Abbreviations and acronyms are defined
Variables/parameters and units are described
Data treatment and methodology are described
Headings are explained
Known limits of the data/problems are mentioned (this should include explanations of missing data, negative values (for parameters this is not expected for), no reads are explained, etc.)
Reference to papers describing methodology, if applicable
Related datasets are properly cited

How to Write a README File?

Guide to writing "readme" style metadata (Cornell University)
A template README for social science replication packages (Social Science Data Editors )

Metadata & Describing Data

Metadata

Metadata is information about data. It provides the context and details by addressing the who, what, when, where, why, and how of the dataset, making it easier to find, access, and use. Good metadata aligns with the FAIR data principles, ensuring data is Findable, Accessible, Interoperable, and Reusable.

Key Metadata Elements

Title: full title by which the dataset is known
Creator: the name(s) of the person or organization responsible for creating the work
Contact Information: name and email address for the main contact for the dataset
Description: summary of purpose, nature, and scope of the dataset
Subject: broad domain-specific subject category
Date(s): consider including collection date, production date, deposit date, distribution date, publication date, etc.
Keywords: relevant terms that help users search for the dataset
Location: for geospatial data
Licensing Information: details on how the data can be used, such as a Creative Commons license.
Funding or granting agency

Choosing a Metadata Standard

Metadata standards or schemas consist of specific elements used to describe or document your data. Many data repositories, disciplines and organizations have established specific metadata standards.

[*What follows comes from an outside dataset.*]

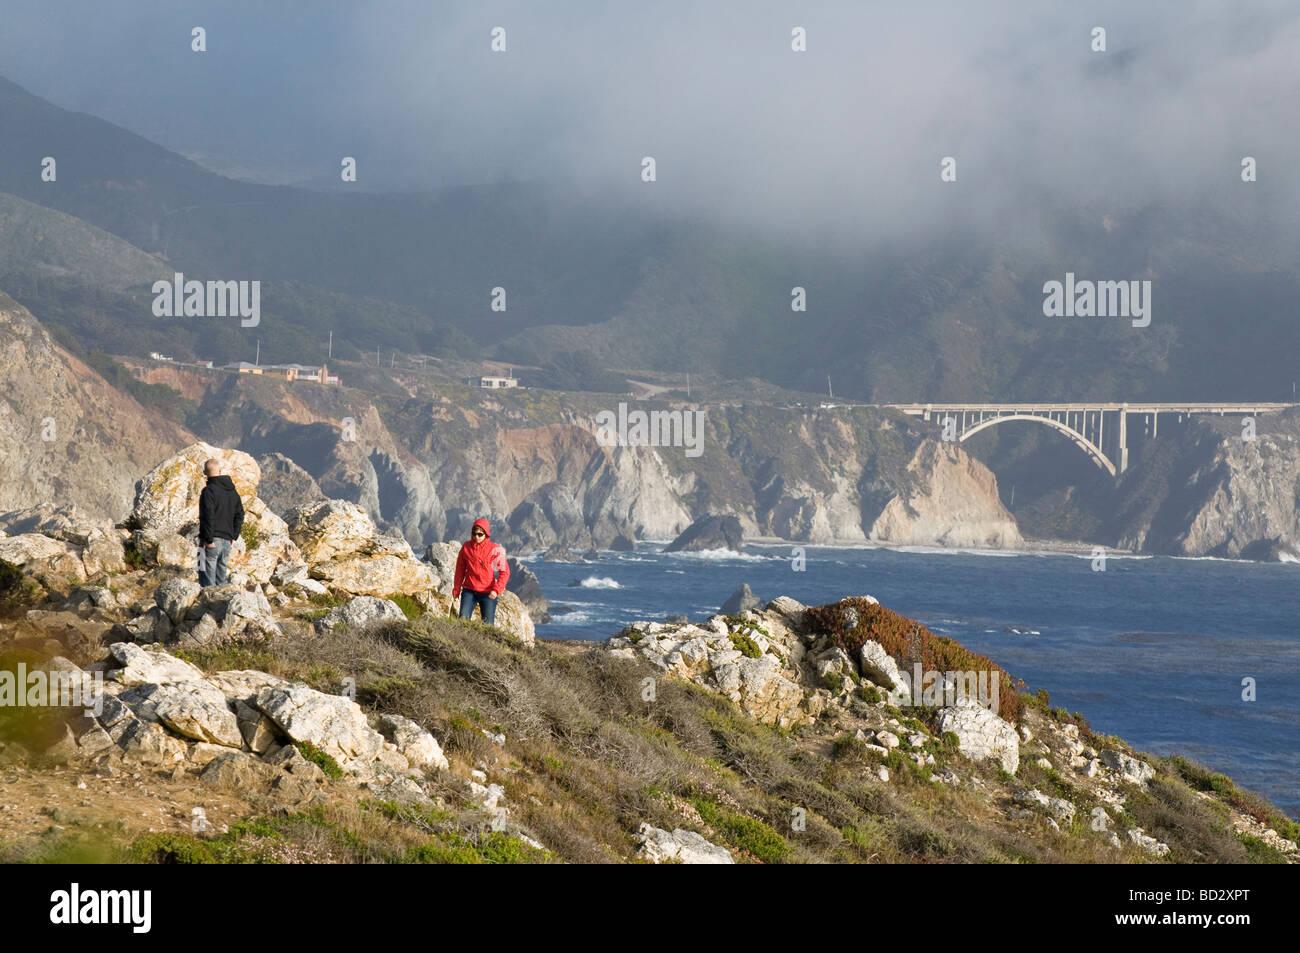 tourist hiking along the rocky coastal cliffs of Big Sur California - Stock Image

To find an appropriate metadata standard for your data:

Disciplinary Metadata (Digital Curation Centre)
The RDA Metadata Standards Catalog (Research Data Alliance for the international academic community)
The RDA Metadata Standards Directory (Research Data Alliance)

Examples of some commonly used ones:

Dublin Core - a basic, widely-used standard and domain-agnostic metadata standard
DDI (Data Documentation Inititative) - commonly used in social, behavioral, economic, and health sciences
EML (Ecological Metadata Language) - specific for ecology disciplines
ISO 19115 - a standard for geographic information